The mechanism of superconductivity is divided into a high-energy piece, identified with the pair binding or the formation of a superspin amplitude, and a low-energy piece that involves a superspin-flop mechanism for selecting the orientation of the superspin and resolving the competition between the SC and AF states. These two different energy scales have different doping dependences. With increasing doping, TMF decreases because the effective J decreases, but Tc increases because both the thermal and the quantum SO(5) fluctuations decrease. Recent photoemission experiments (40) found that the electronic gap decreases with increasing Tc, which is inconsistent with the weak-coupling BCS theory but consistent with the current model. This work also answers the question of why Tc is low compared with the energy scales of the pair formation. Emery and Kivelson (11) rightfully argued that this happens because the superfluid density is low, but did not offer an explanation of why this is so. The current work explains this in terms of increased quantum and classical SO(5) fluctuations near the isotropic point μc, which suppress both the Néel temperature and the SC transition temperature.
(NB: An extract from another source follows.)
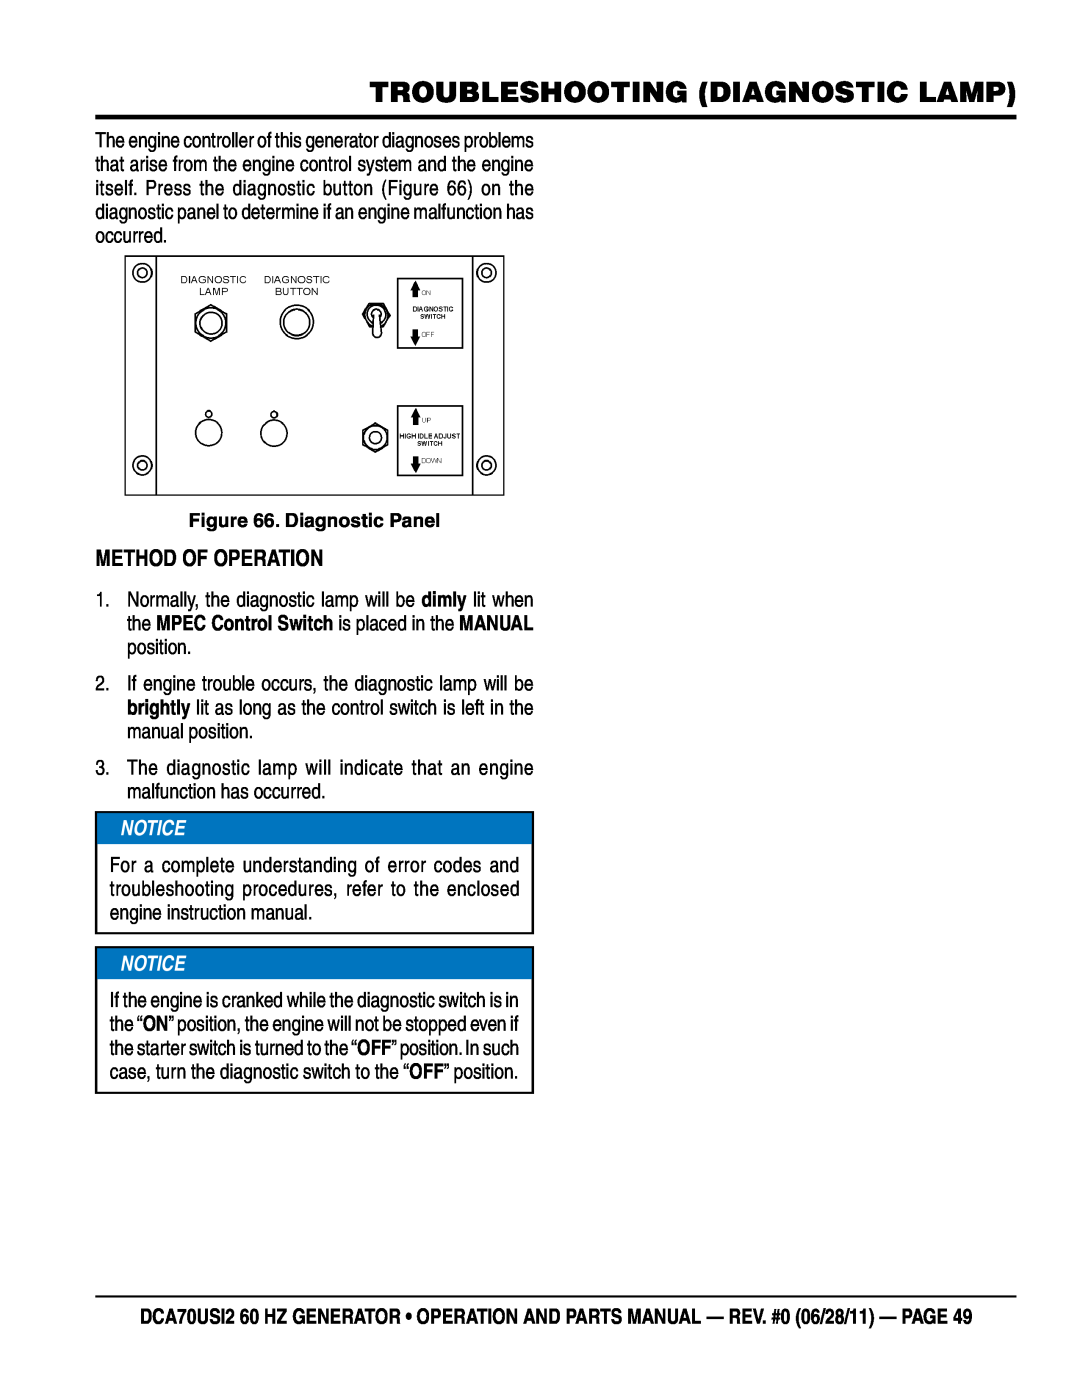 Multiquip DCA70USI2 manual Troubleshooting Diagnostic lamp, Method of Operation 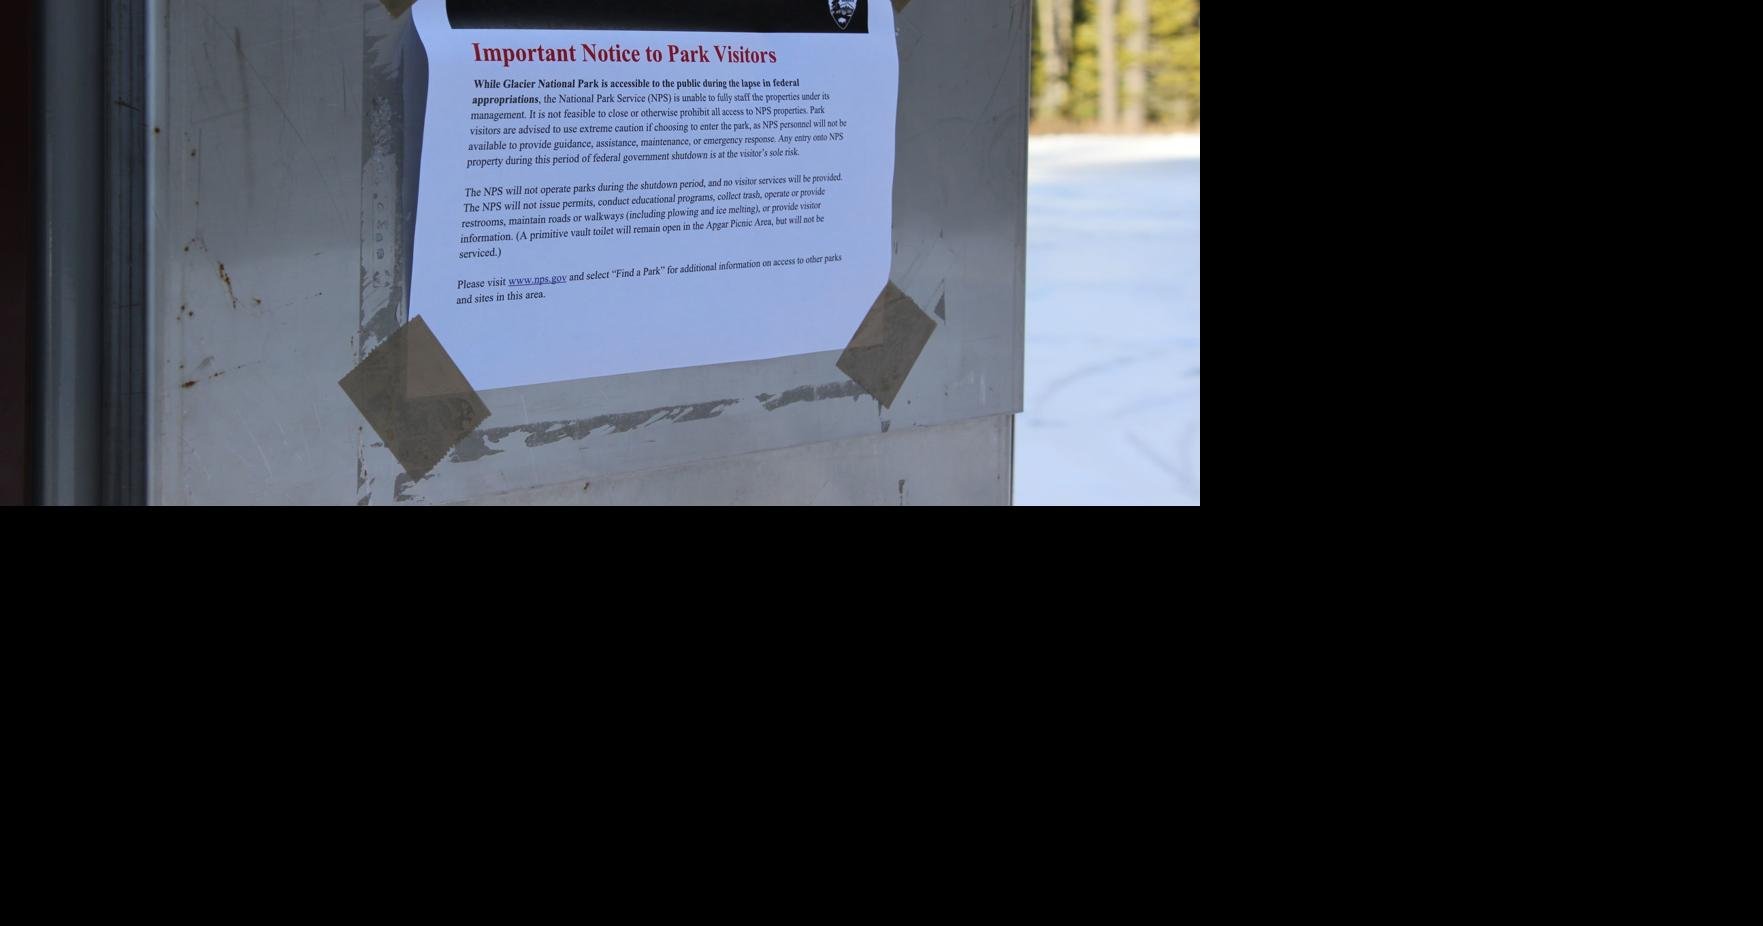 For Glacier National Park visitors, government shutdown makes little

The spin-gap phenomenon is naturally interpreted in terms of the competition between entropy and anisotropy energy in superspin space. The most direct experimental evidence in support of the approximate SO(5) symmetry is the resonant neutron-scattering peaks in the underdoped and optimally doped region. These modes are naturally interpreted in terms of the pseudo-Goldstone bosons associated with the spontaneous SO(5) symmetry breaking. Notably absent in this discussion is the transport properties of the high-Tc oxides. Below TMF, transport properties could be addressed by considering fermions coupled to the SO(5) nonlinear σ model degrees of freedom. However, quantitative details have not yet been fully worked out.

The current theory unifies a number of seeming divergent theoretical approaches to the high-Tc problem. It outlines a strategy to systematically extract the low-energy content of the t-J model by constructing low-energy field theory constrained by the microscopic symmetry. The SO(5) symmetry can be used as a basic principle to organize the various theoretical proposals. Most directly, it unifies the SO(3) nonlinear σ model theory (6, 8, 9) with the U(1) nonlinear σ model theory (10, 11). The “spin fluctuation exchange” (23, 8, 12) approach should be interpreted as a theory of TMF. Phase separation (4) occurs in the t-J model because the superspin-flop transition is first order, therefore giving rise to a “forbidden density region.” The spin-bag phase (5) can emerge in the phase diagram as a result of increased π fluctuation, or more precisely when χπ > χc. The SO(5) quantum-disordered phase could in some sense be associated with the RVB phase in Anderson's (1) original proposal, and occurs as a result of increased SO(5) quantum fluctuation.

The SO(5) theory makes a number of new experimental predictions. The most direct prediction is that when the materials are sufficiently clean, there could be a direct first-order transition between the AF and the SC states. Measurements near the bicritical point can be compared quantitatively with the theoretical predictions and can serve as an important test of the theory. There are other predictions for which I shall only outline the basic ideas. In the conventional Landau-Ginzburg theory of superconductivity, the order parameter is constrained to lie in a plane. Near the core of a SC vortex, a mathematical singularity is unavoidable. However, in the superspin model, because of the 5D-order parameter, the superspin could lie in the SC plane far away from a vortex, but flip into the AF sphere inside a vortex. Such a topological configuration is called a “meron” in field theory, meaning half of a Skyrmion. Therefore, the current theory predicts that the core of a vortex in underdoped superconductors is not filled with normal electrons but is antiferromagnetic instead. Such an effect could be observed directly by studying the elastic satellite peaks in neutron-scattering experiments of the vortex lattice. The current theory can also be used to predict the static and dynamic properties of the interface between the AF and the SC phases.